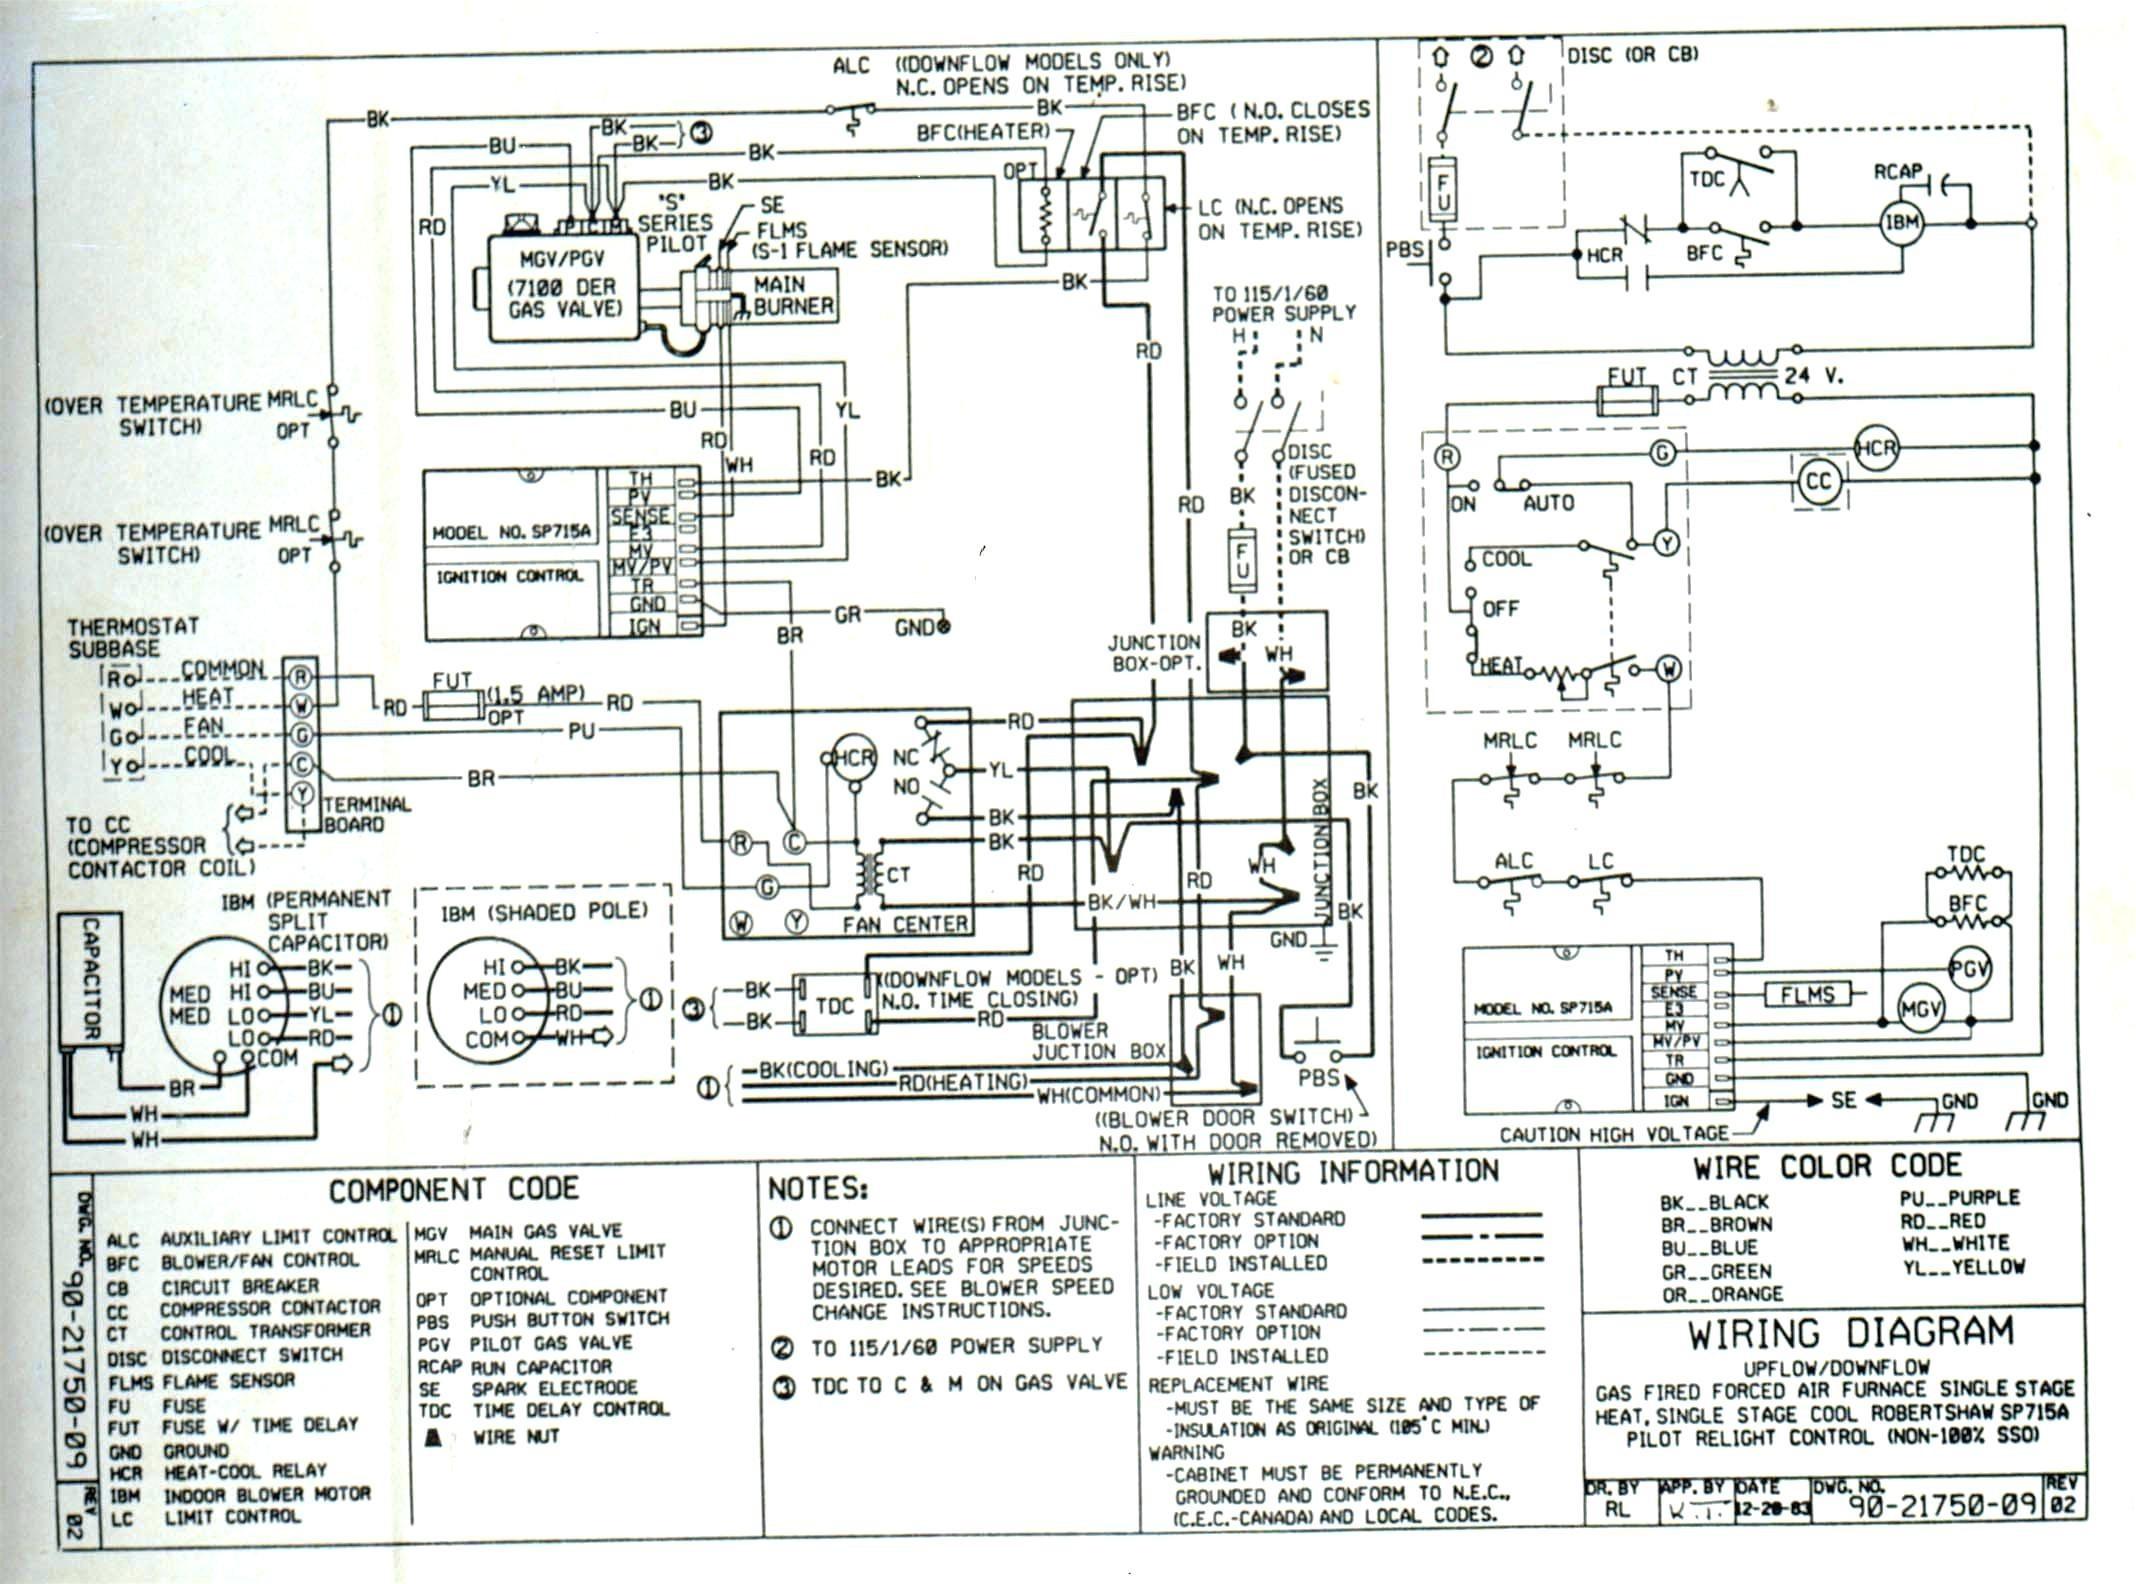 Trane Xl Heat Pump Wiring Diagram
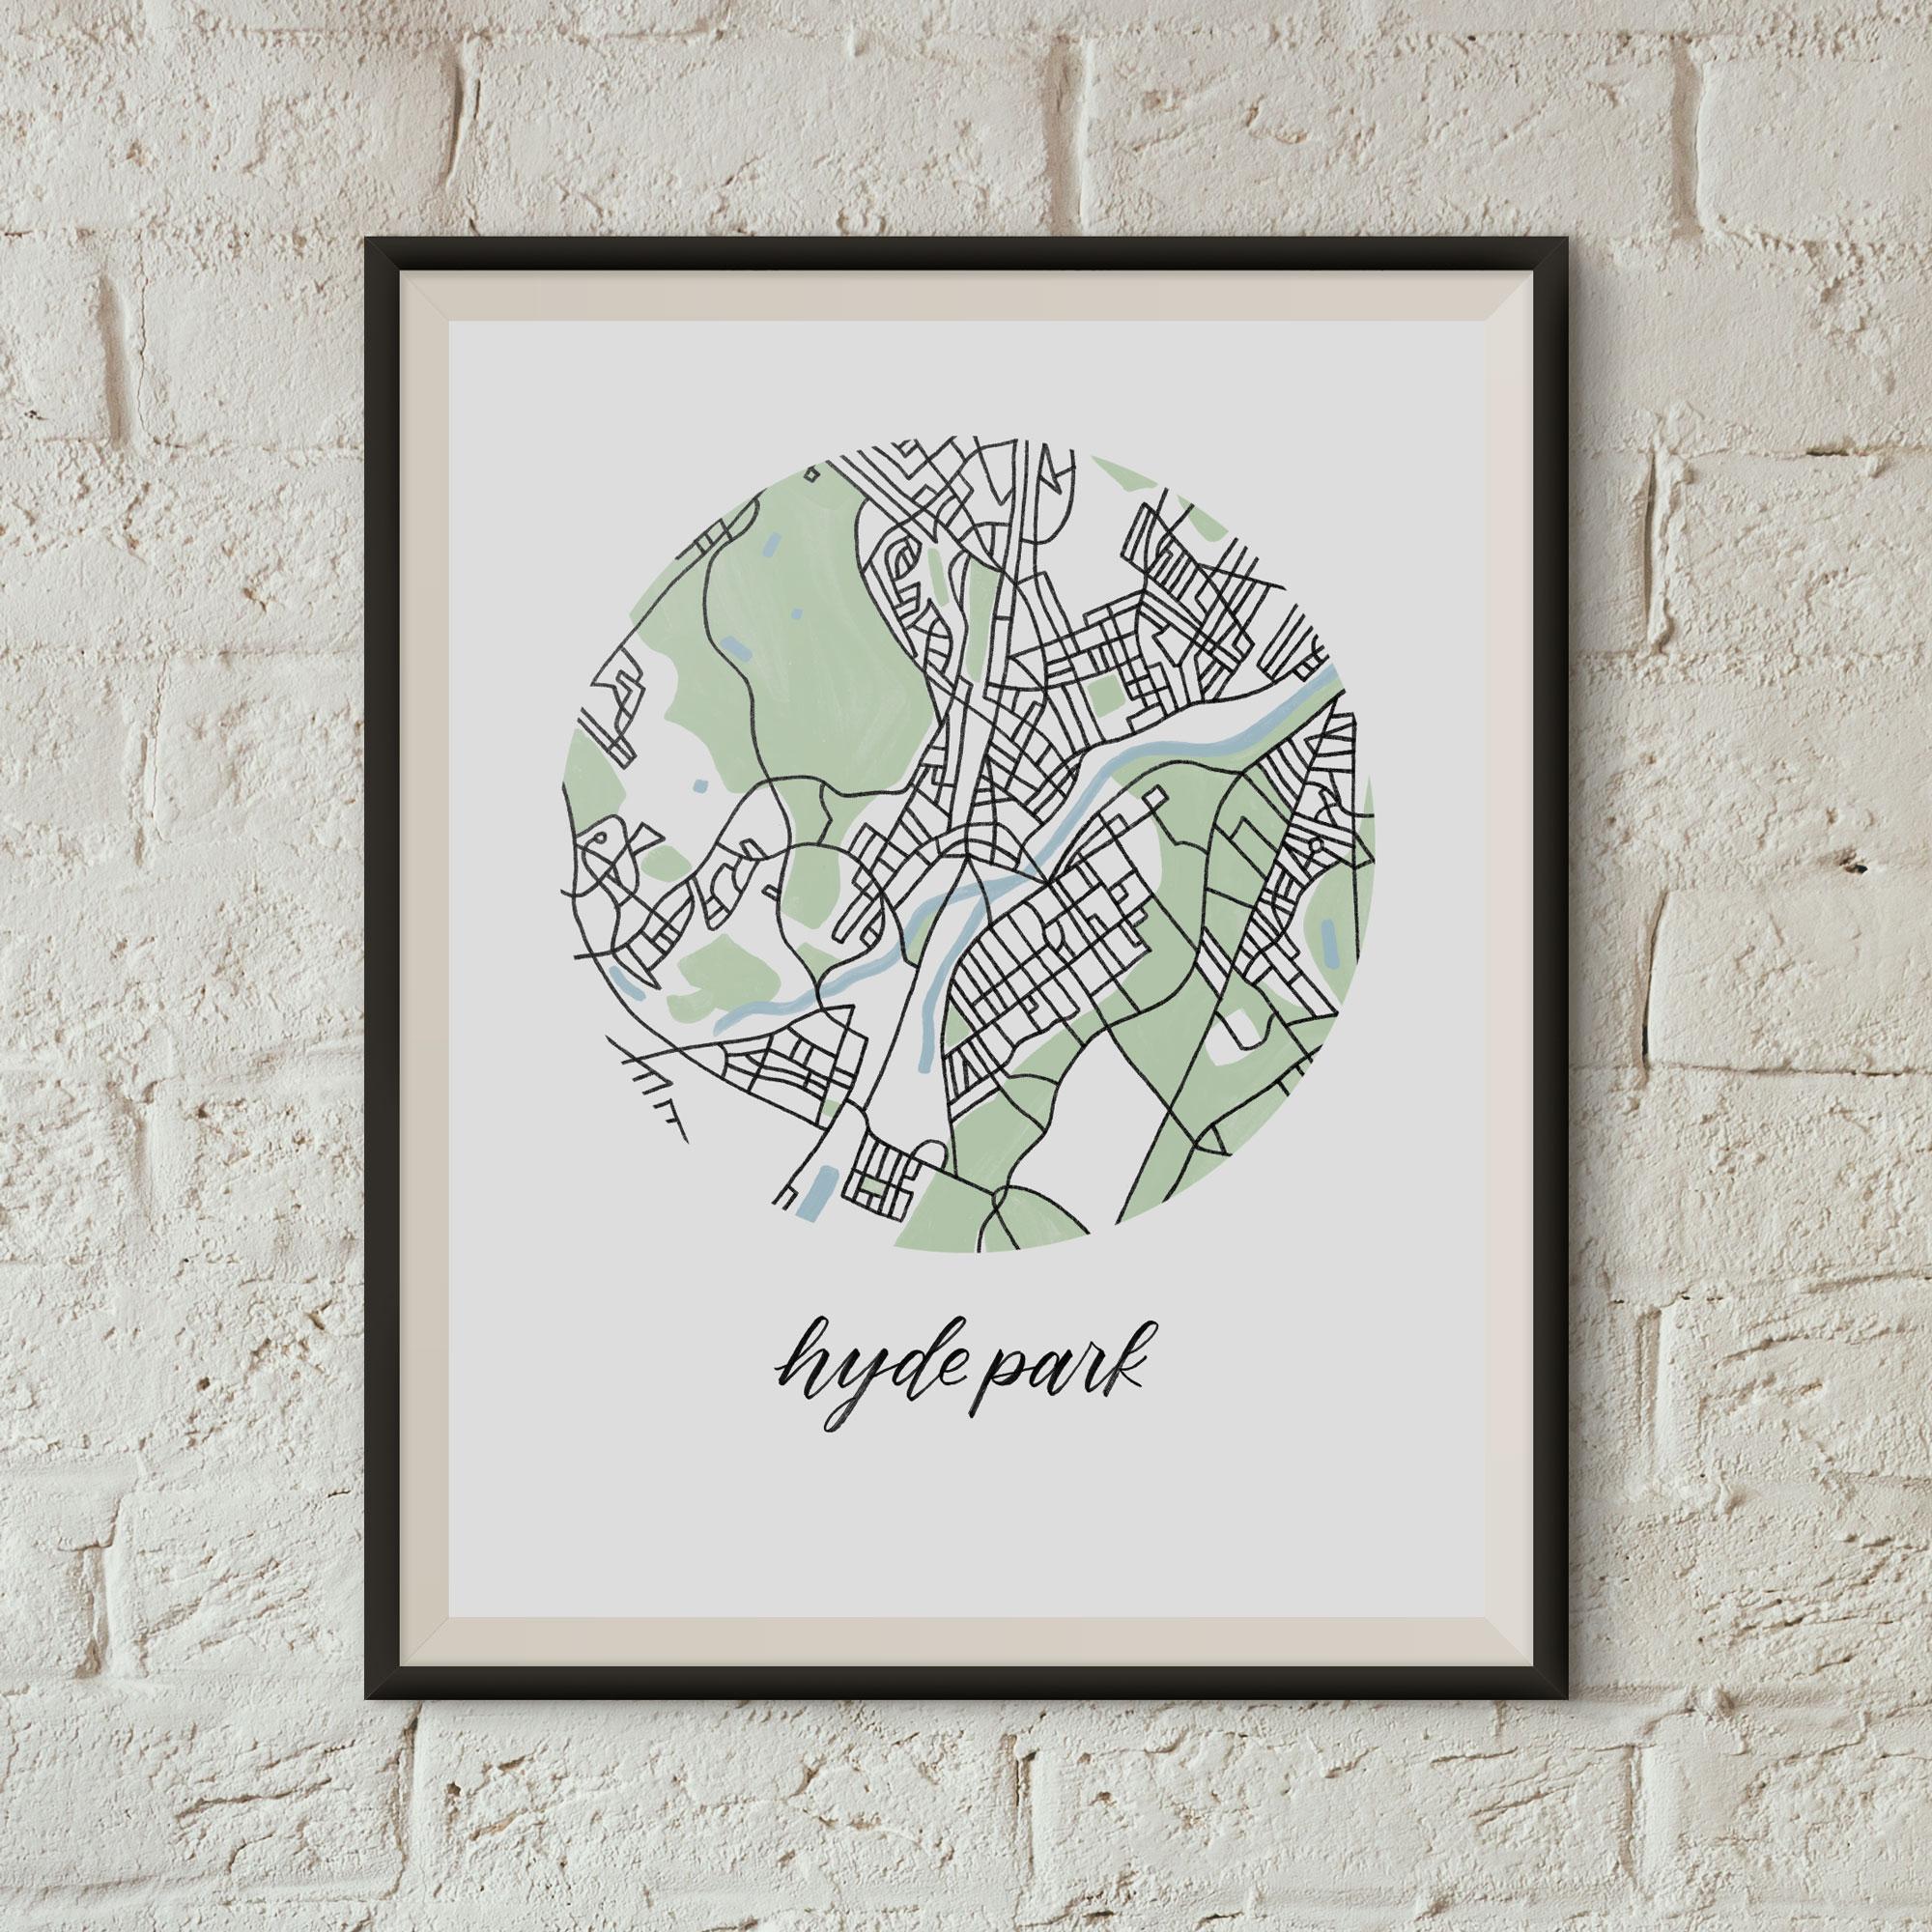 Hyde Park, Boston Map Print framed on a white brick wall
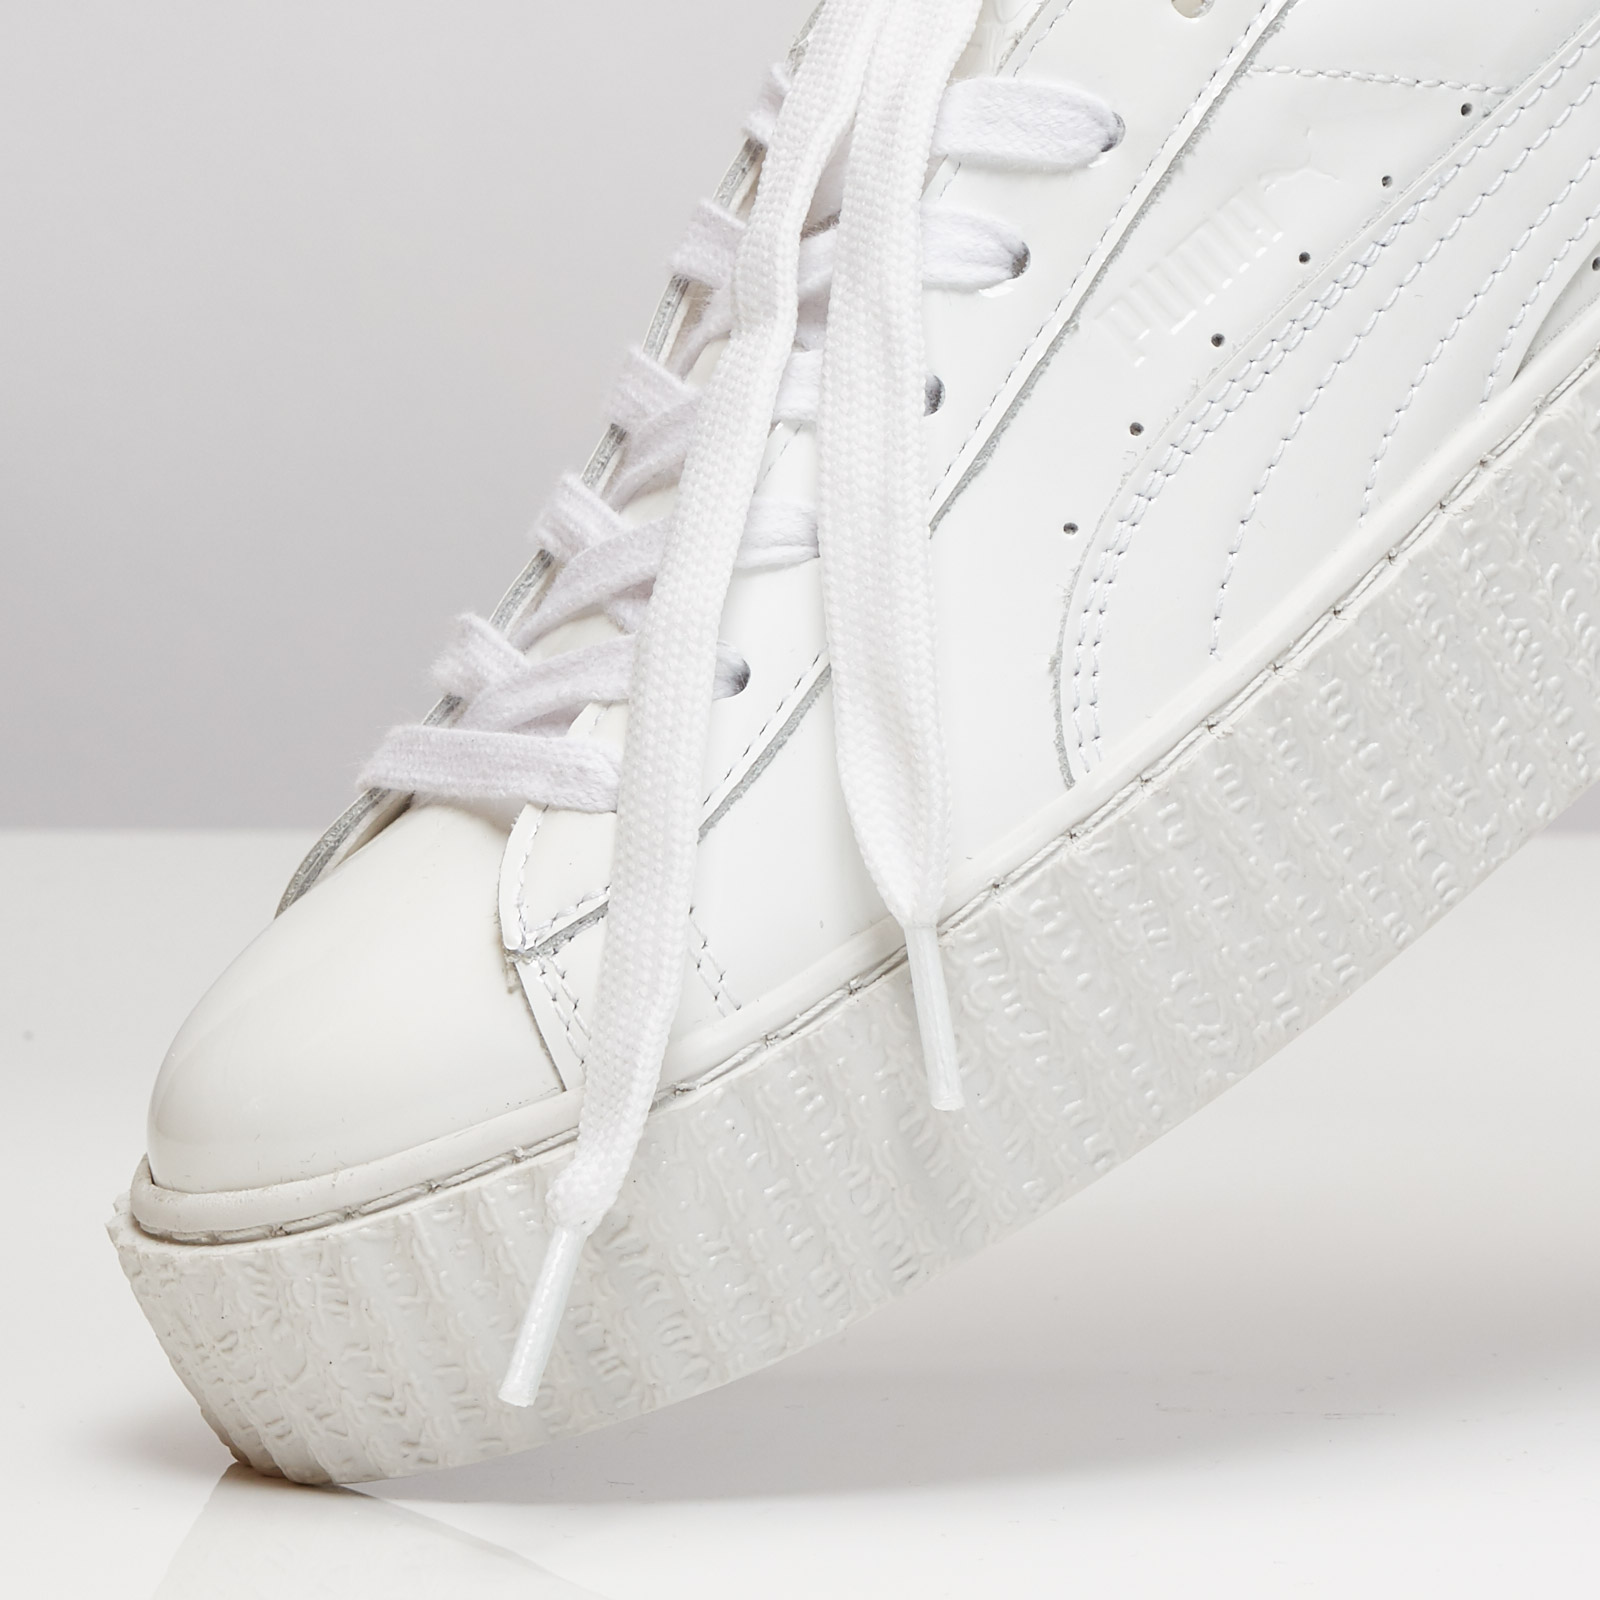 6926708931be Puma Basket Creepers Glo Rihanna - 362269-01 - Sneakersnstuff ...

> **What you are asked to do**
The lines from the one containing "Hyde Park, Boston" to the end of the material must be output exactly, both ends included; no picture may appear.

> **Reply**
 Hyde Park, Boston Map Print framed on a white brick wall
 6926708931be Puma Basket Creepers Glo Rihanna - 362269-01 - Sneakersnstuff ...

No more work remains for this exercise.